- Exercise description
Can you copy out the data exactly? Leave the images out.

- Source material
****************************************

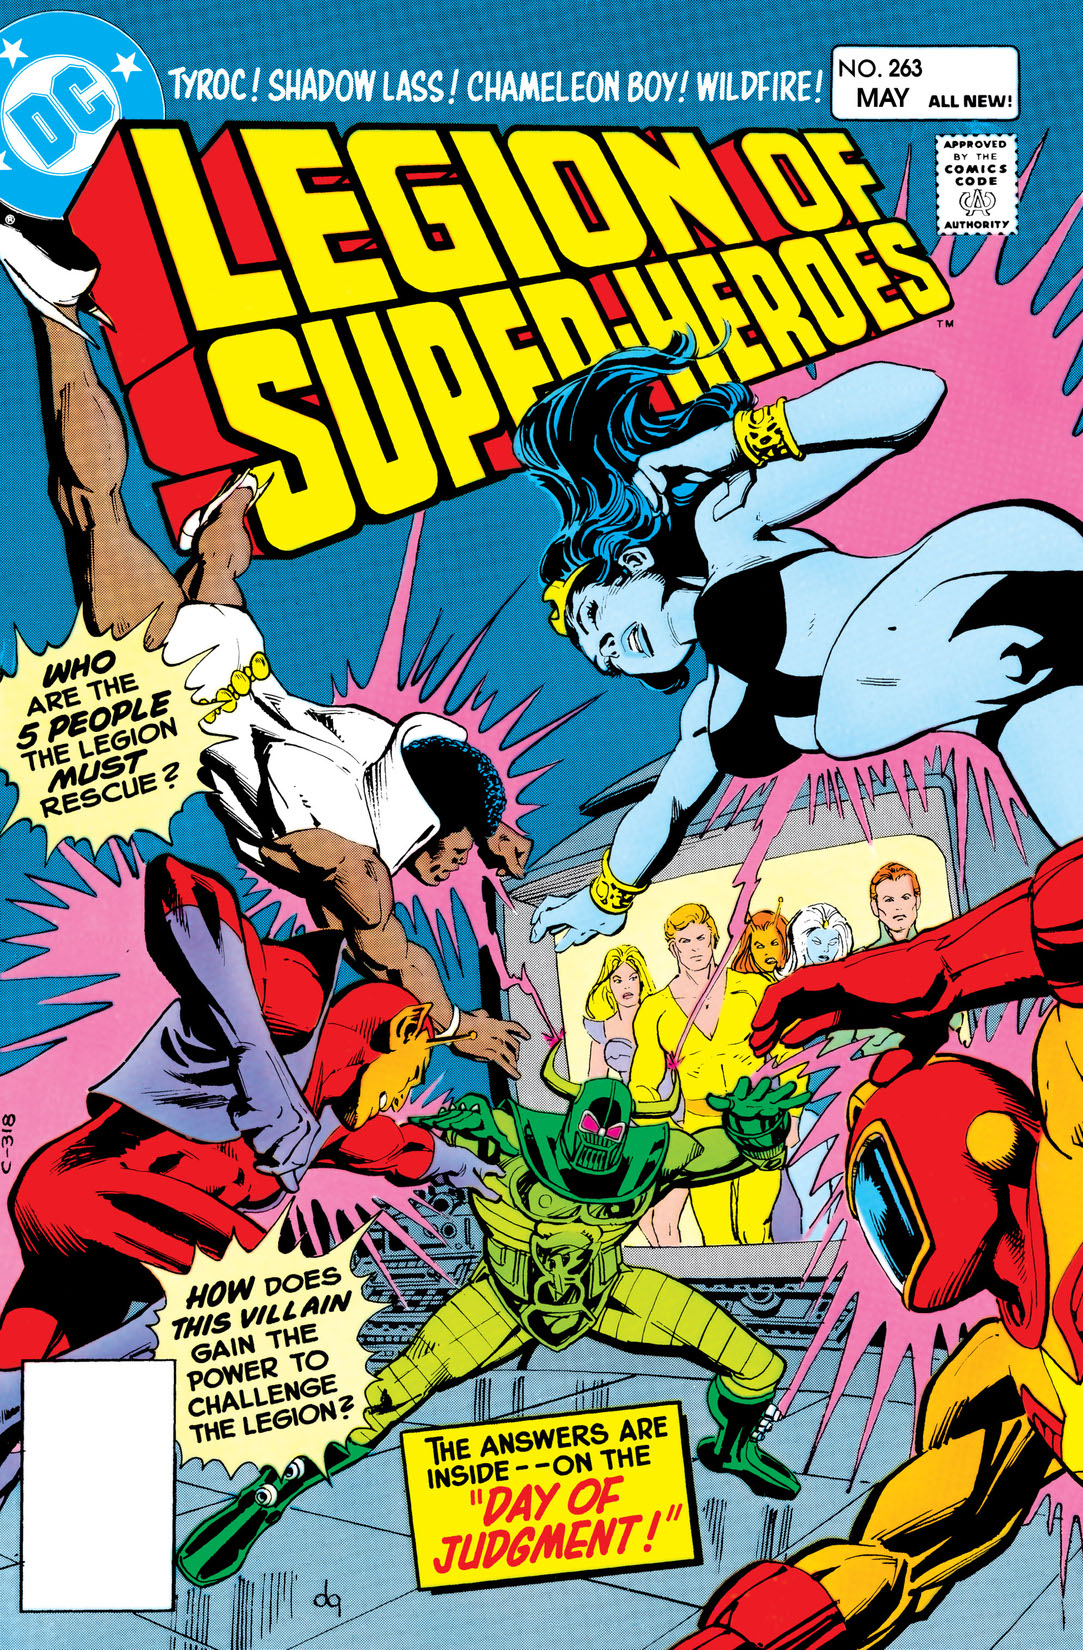 The Legion of Super-Heroes (1980-) #263 preview images
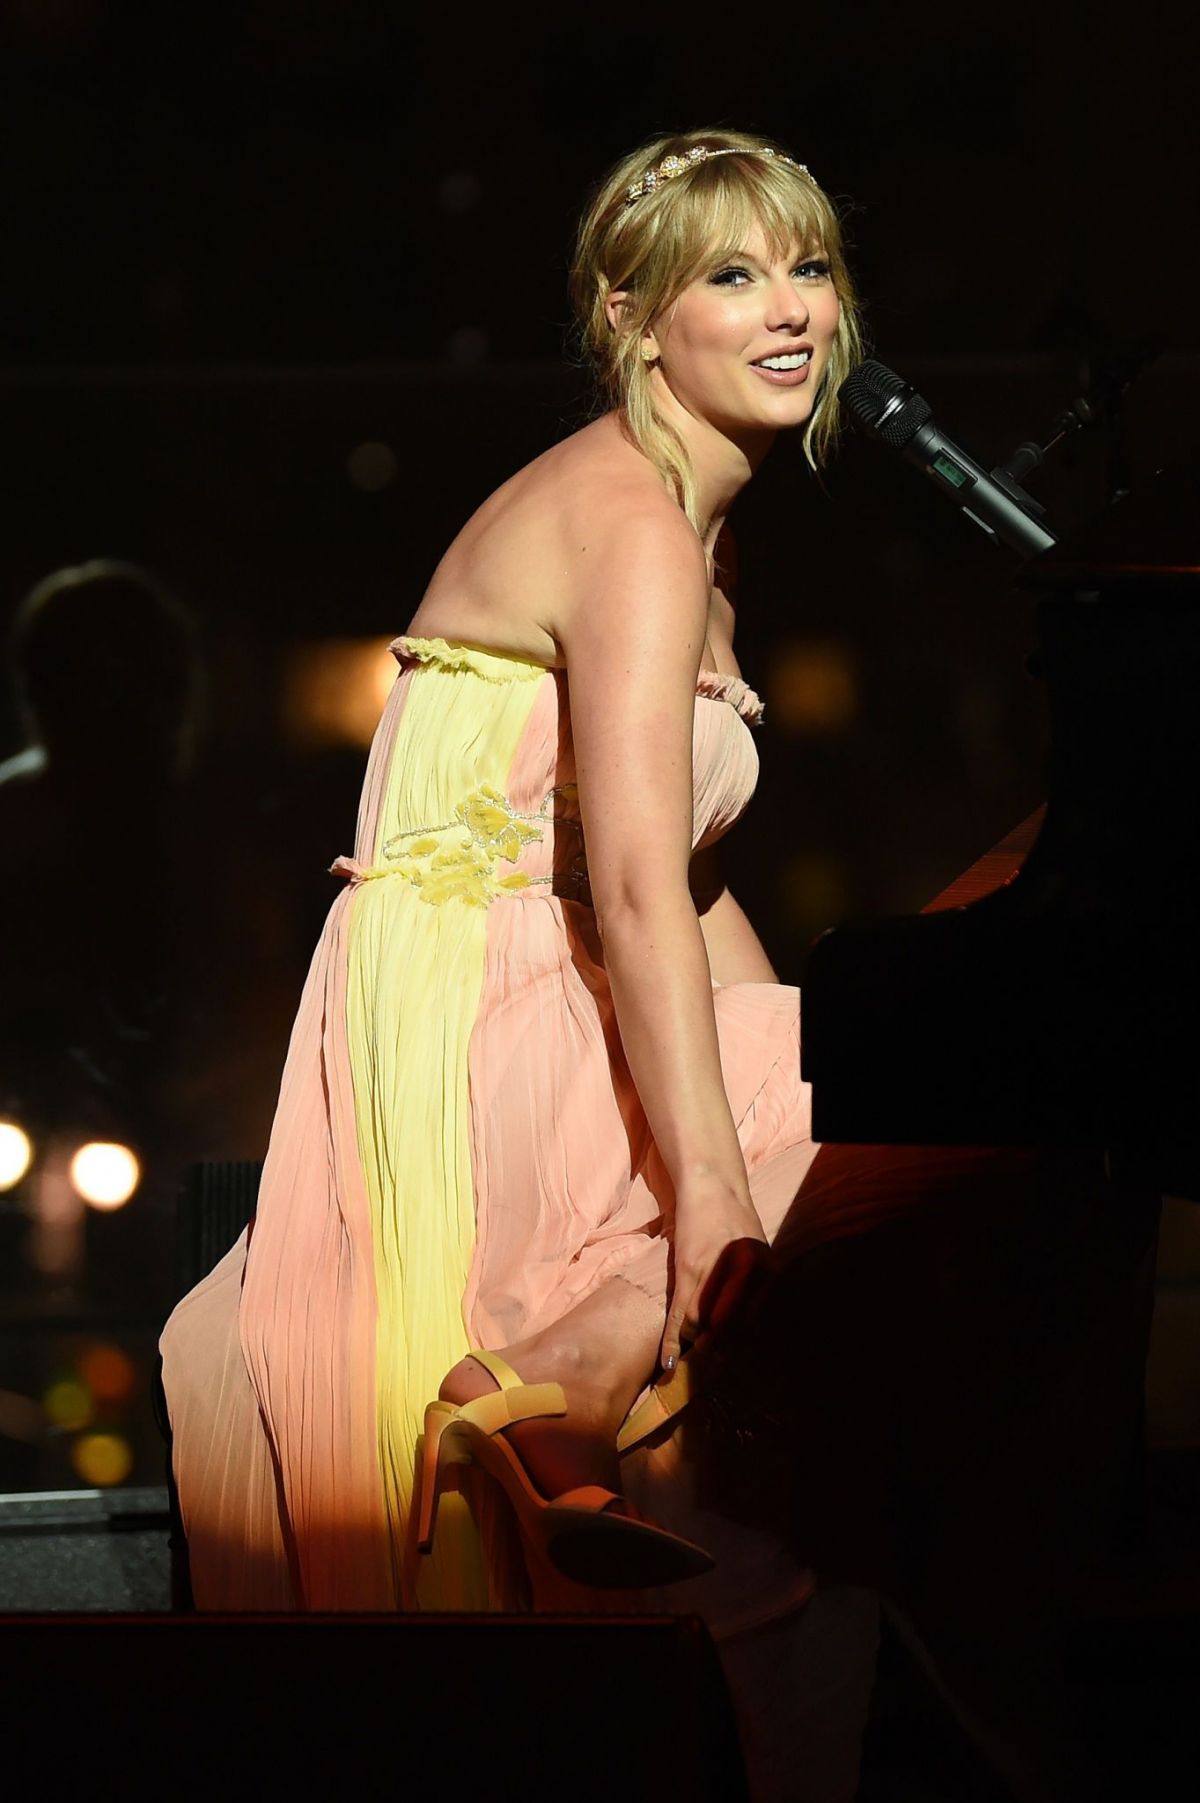 taylor-swift-performs-at-time-100-gala-at-jazz-lincoln-center-in-new-york-04-23-2019-4.jpg
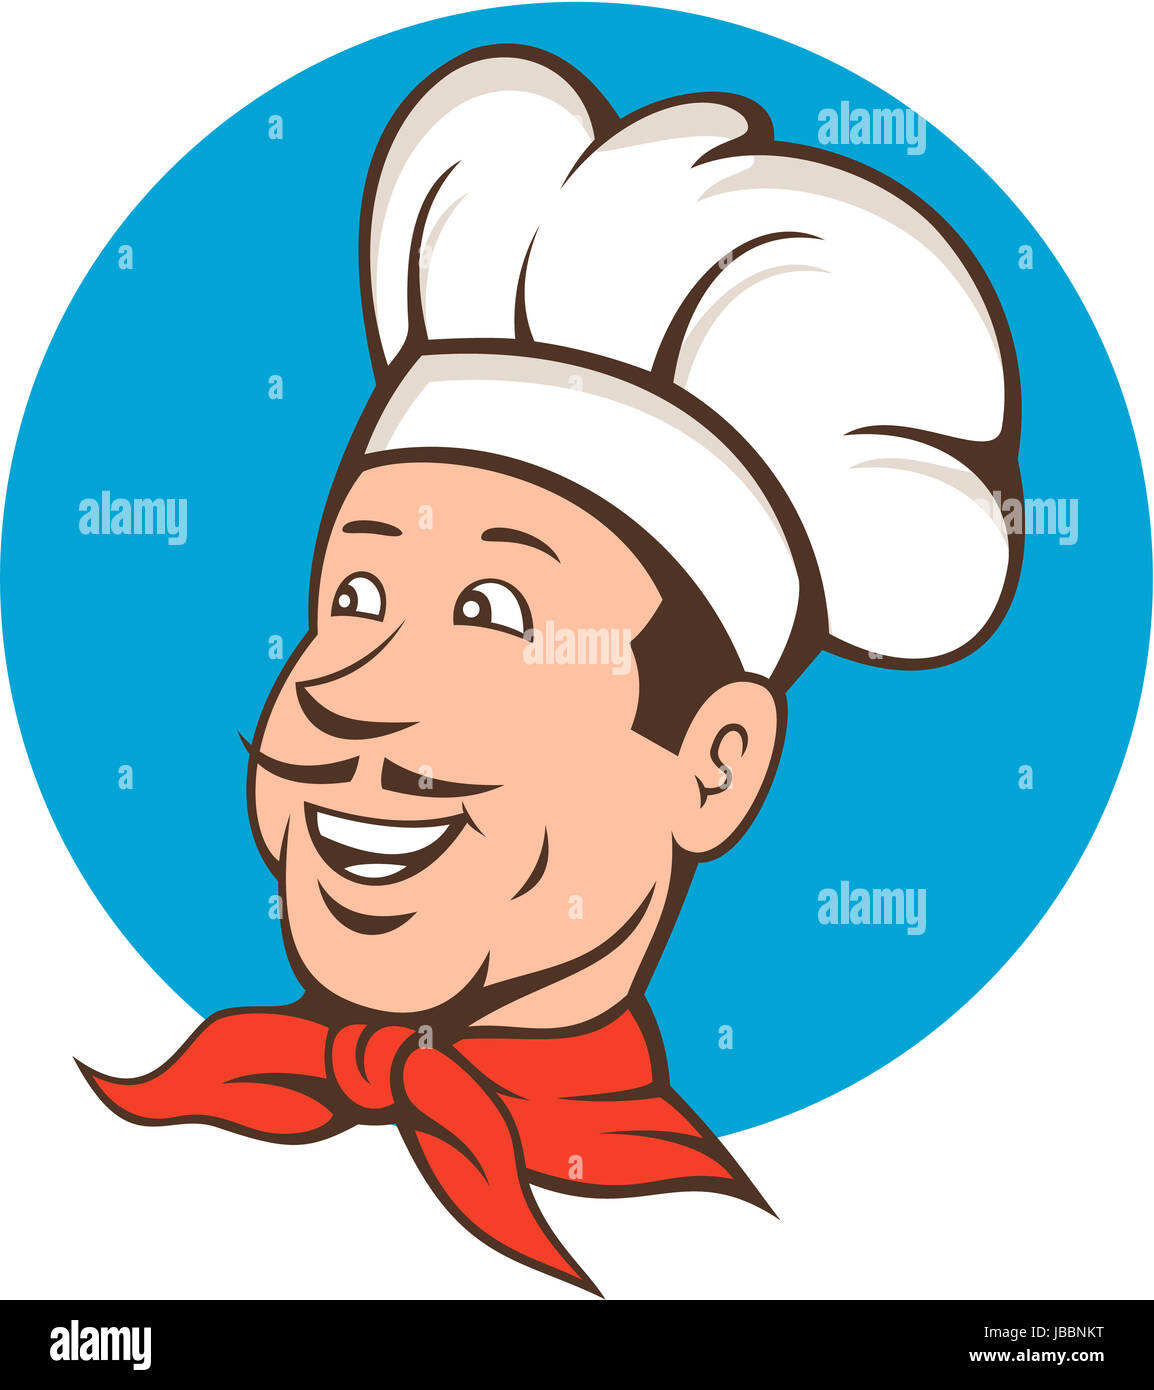 Illustration of a chef cook baker with moustache wearing bandana on neck and facing front set inside circle done in cartoon style. Stock Photo

****************************************

- Solution for this problem
 The Legion of Super-Heroes (1980-) #263 preview images
 taylor-swift-performs-at-time-100-gala-at-jazz-lincoln-center-in-new-york-04-23-2019-4.jpg
 Illustration of a chef cook baker with moustache wearing bandana on neck and facing front set inside circle done in cartoon style. Stock Photo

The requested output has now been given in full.